I'm going to give a context-free set of code. The code works before adding "to(device)".
def get_input_layer(word_idx) :
x = torch.zeros(vocabulary_size).float().to(device)
x[word_idx] = 1.0
return x
embedding_dims = 5
device = torch.device("cuda:0")
W1 = Variable(torch.randn(embedding_dims, vocabulary_size).float(), requires_grad=True).to(device)
W2 = Variable(torch.randn(vocabulary_size, embedding_dims).float(), requires_grad=True).to(device)
num_epochs = 100
learning_rate = 0.001
x = Variable(get_input_layer(data)).float().to(device)
y_true = Variable(torch.from_numpy(np.array([target])).long()).to(device)

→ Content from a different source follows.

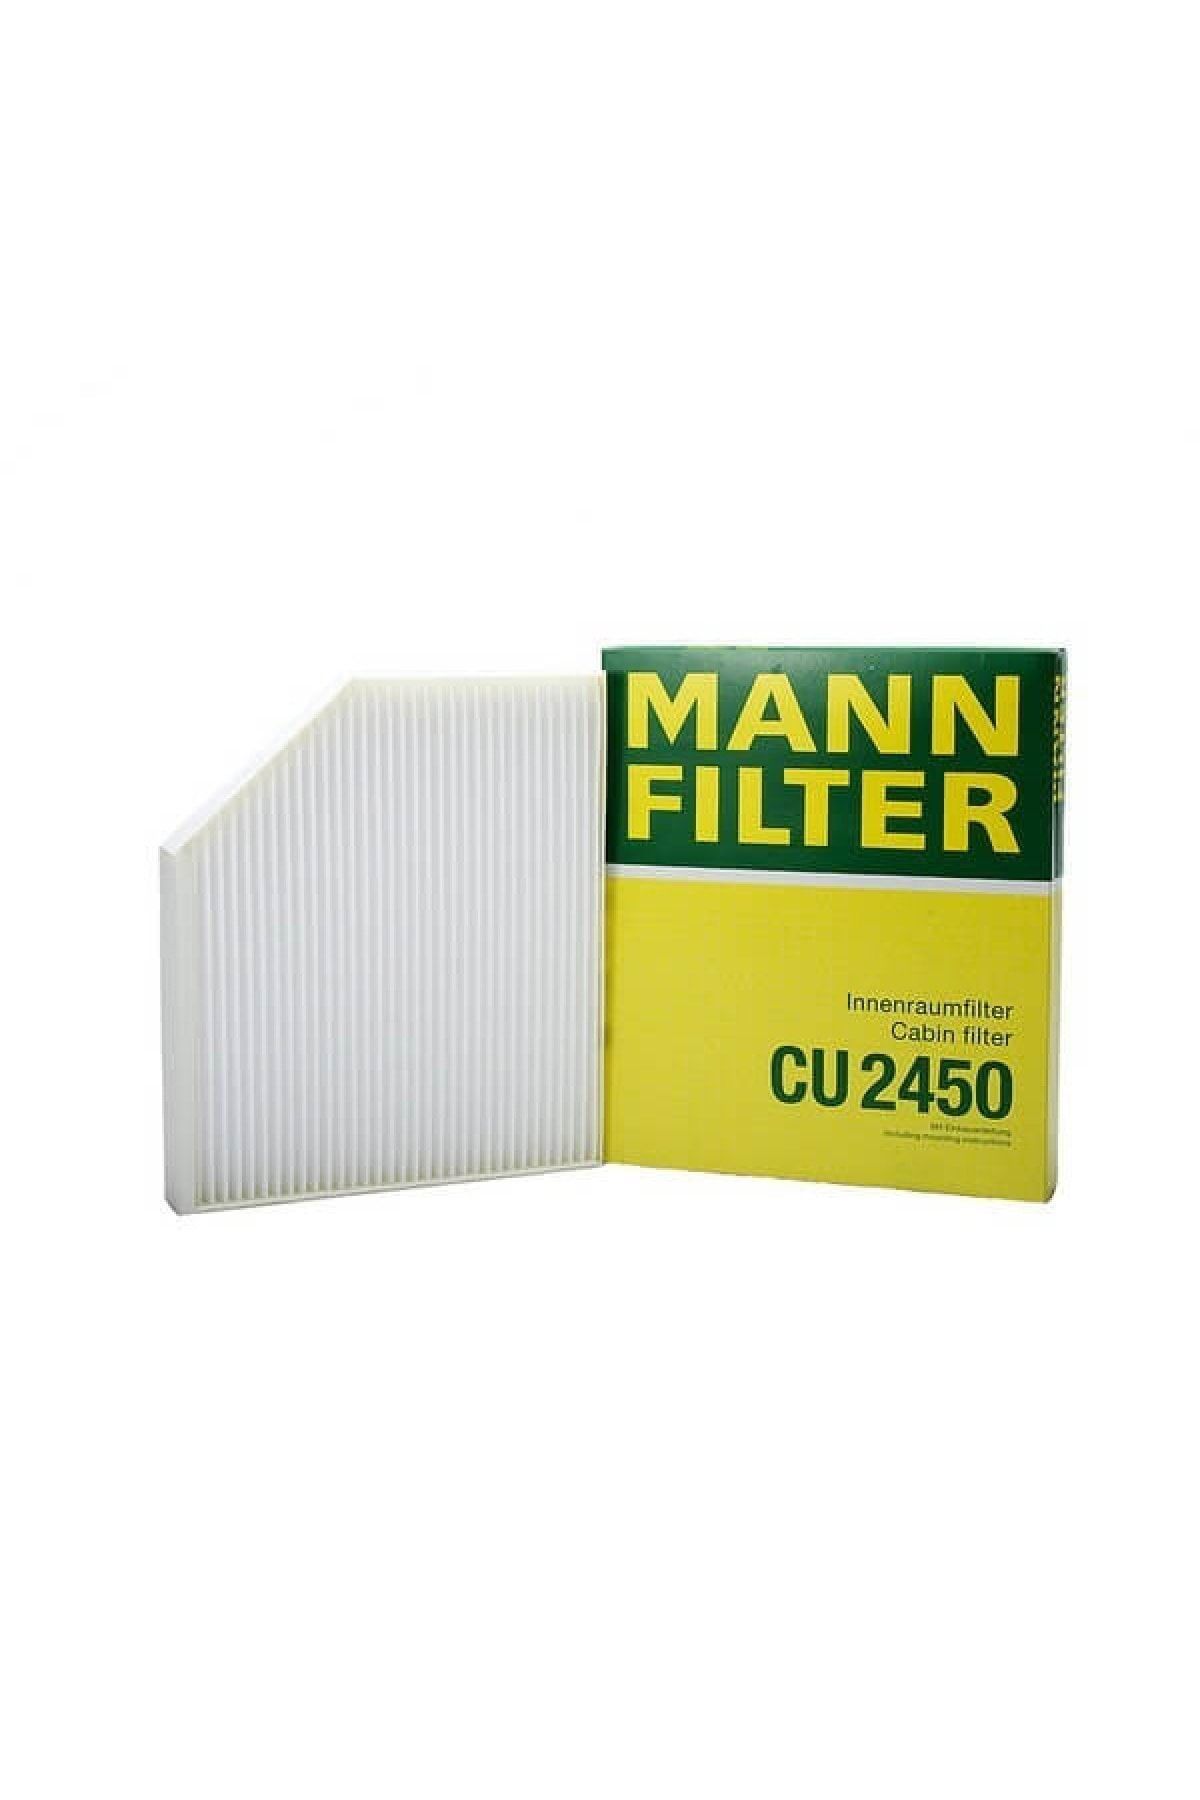 Mann Filter Uzmanparça Audi A4 Polen Filtresi Mann Filter 2008-2015 B8

z1 = torch.matmul(W1, x).to(device)
z2 = torch.matmul(W2, z1).to(device)
log_softmax = F.log_softmax(z2, dim=0).to(device)
loss = F.nll_loss(log_softmax.view(1,-1), y_true).to(device)
loss_val += loss.data
loss.backward().to(device)
## Optimize values. This is done by hand rather than using the optimizer function
W1.data -= learning_rate * W1.grad.data
W2.data -= learning_rate * W2.grad.data
I get
Traceback (most recent call last):
File "<input>", line 1, in <module>
AttributeError: 'NoneType' object has no attribute 'data'
Which triggers specifically on the line
W1.data -= learning_rate * W1.grad.data
Checking, this is confirmed because W1.grad is None for some reason.
And this loops after clearing the gradients. This works just fine if I remove all of the .to(device). What is it that I'm doing wrong in trying to run this on my GPU?
Thank you for your time.